Figure 5e and f represent a longer WZ with T_V,sum = 120 s. The cases for I_sat = 1600 and 1200 veh/h are shown. Compare with the respective graphs from Fig. 5c and d to see the effect of increased clearance time. Besides the slight decrease in capacity, the delay increases markedly. Finally, Fig. 5g illustrates the effect of T_V,sum = 300 s.

3.2 Hypothetical work zone

This section presents results of the estimated total daily delay in a hypothetical WZ with either optimal fixed-time or dynamic signal control, assuming known, piece-wise constant, homogenous (deterministic) demand and saturated flow. Average delay per vehicle can be obtained in combination with the intensities from Fig. 3.

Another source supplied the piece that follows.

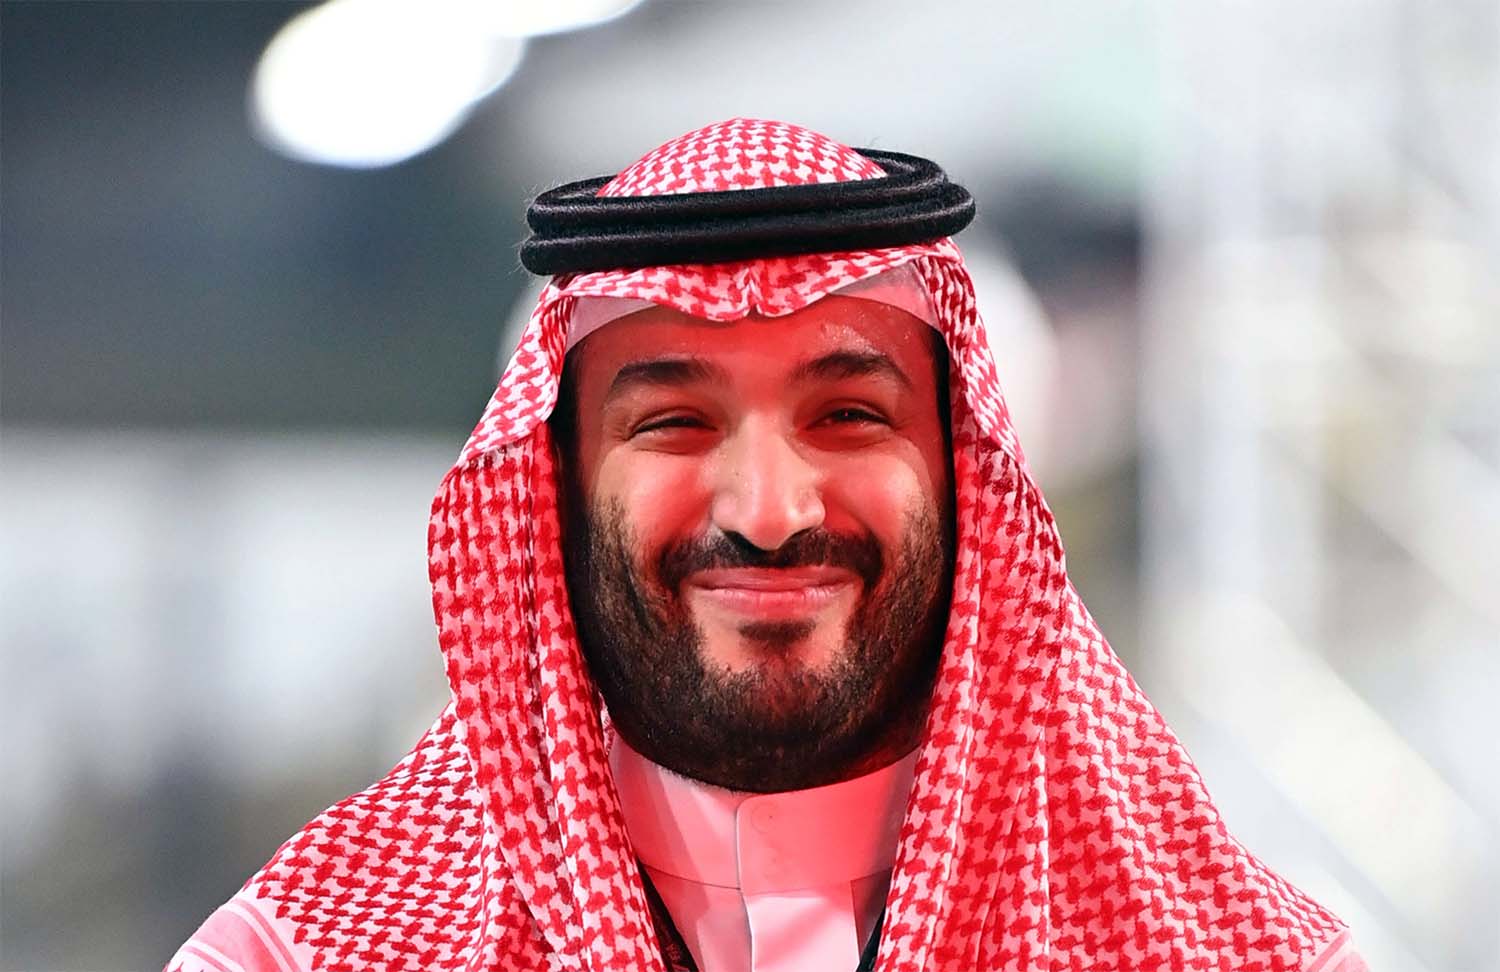 The summit of Gulf Arab leaders would be held in Riyadh in mid-December
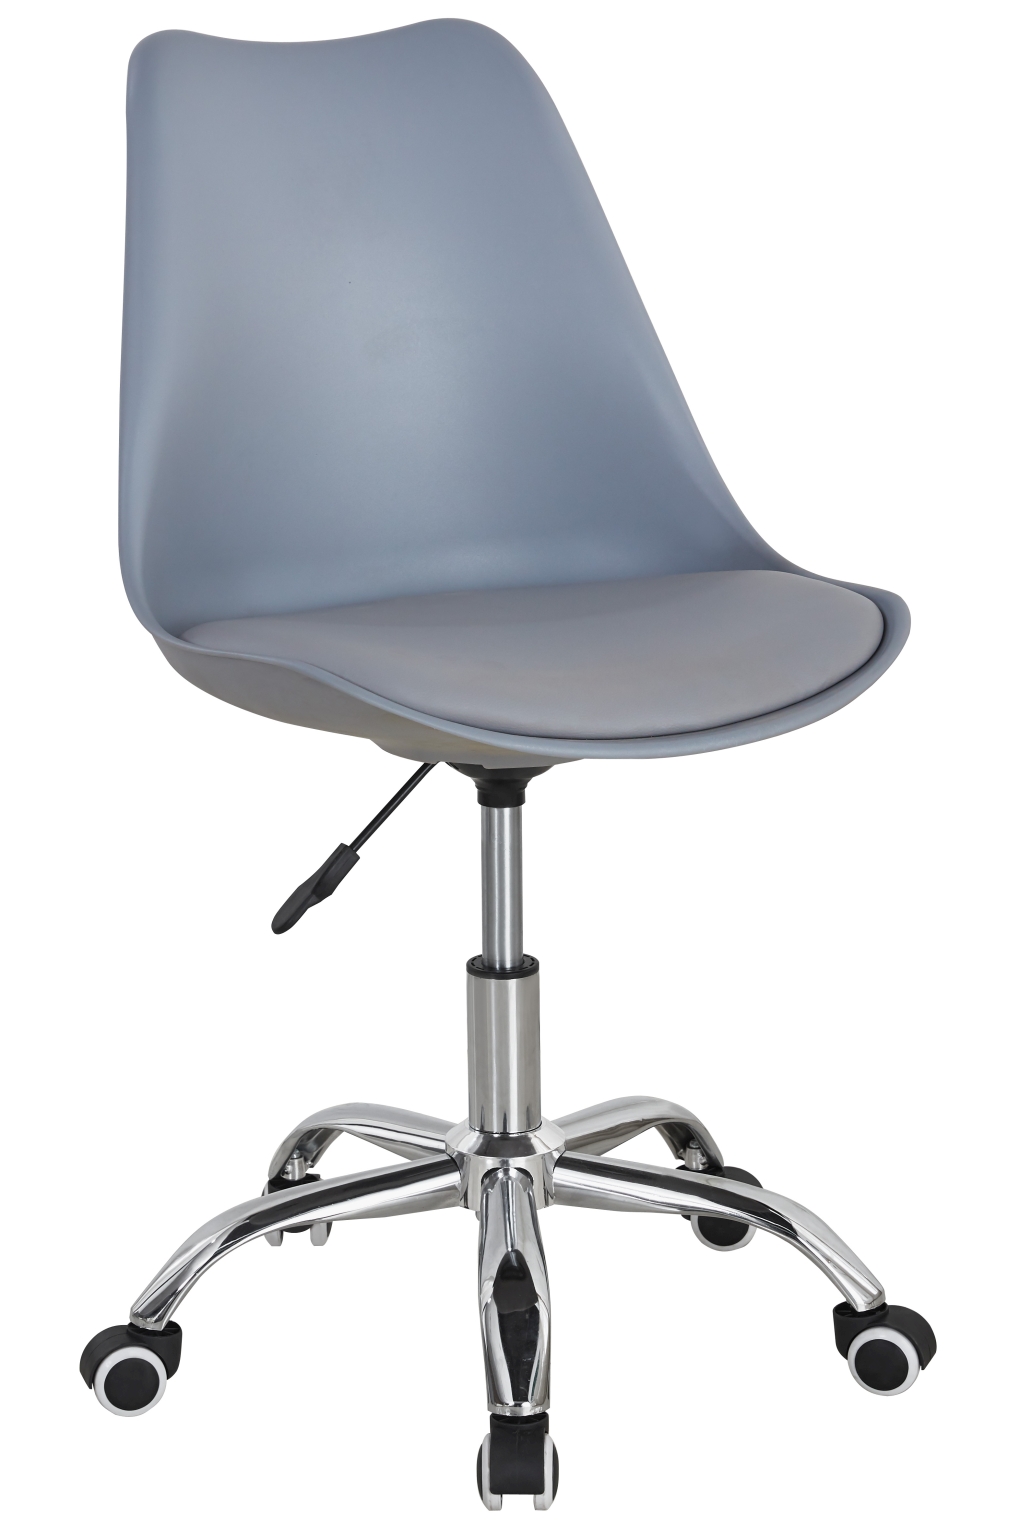 Krzesło obrotowe QZY-402C szare + szara poduszka

Figure 6 illustrates the difference between the two control systems throughout the day with asymmetric demand. The largest savings with dynamic control are achieved in peak hours due to the highly asymmetrical peaks in both directions. This supports the earlier statement – asymmetric demand is beneficial if the SP is dynamically adjusted. On the contrary, it is detrimental for fixed-time control if the peaks occur at different times in each direction as it must provide capacity sufficient for their sum, making it even less efficient.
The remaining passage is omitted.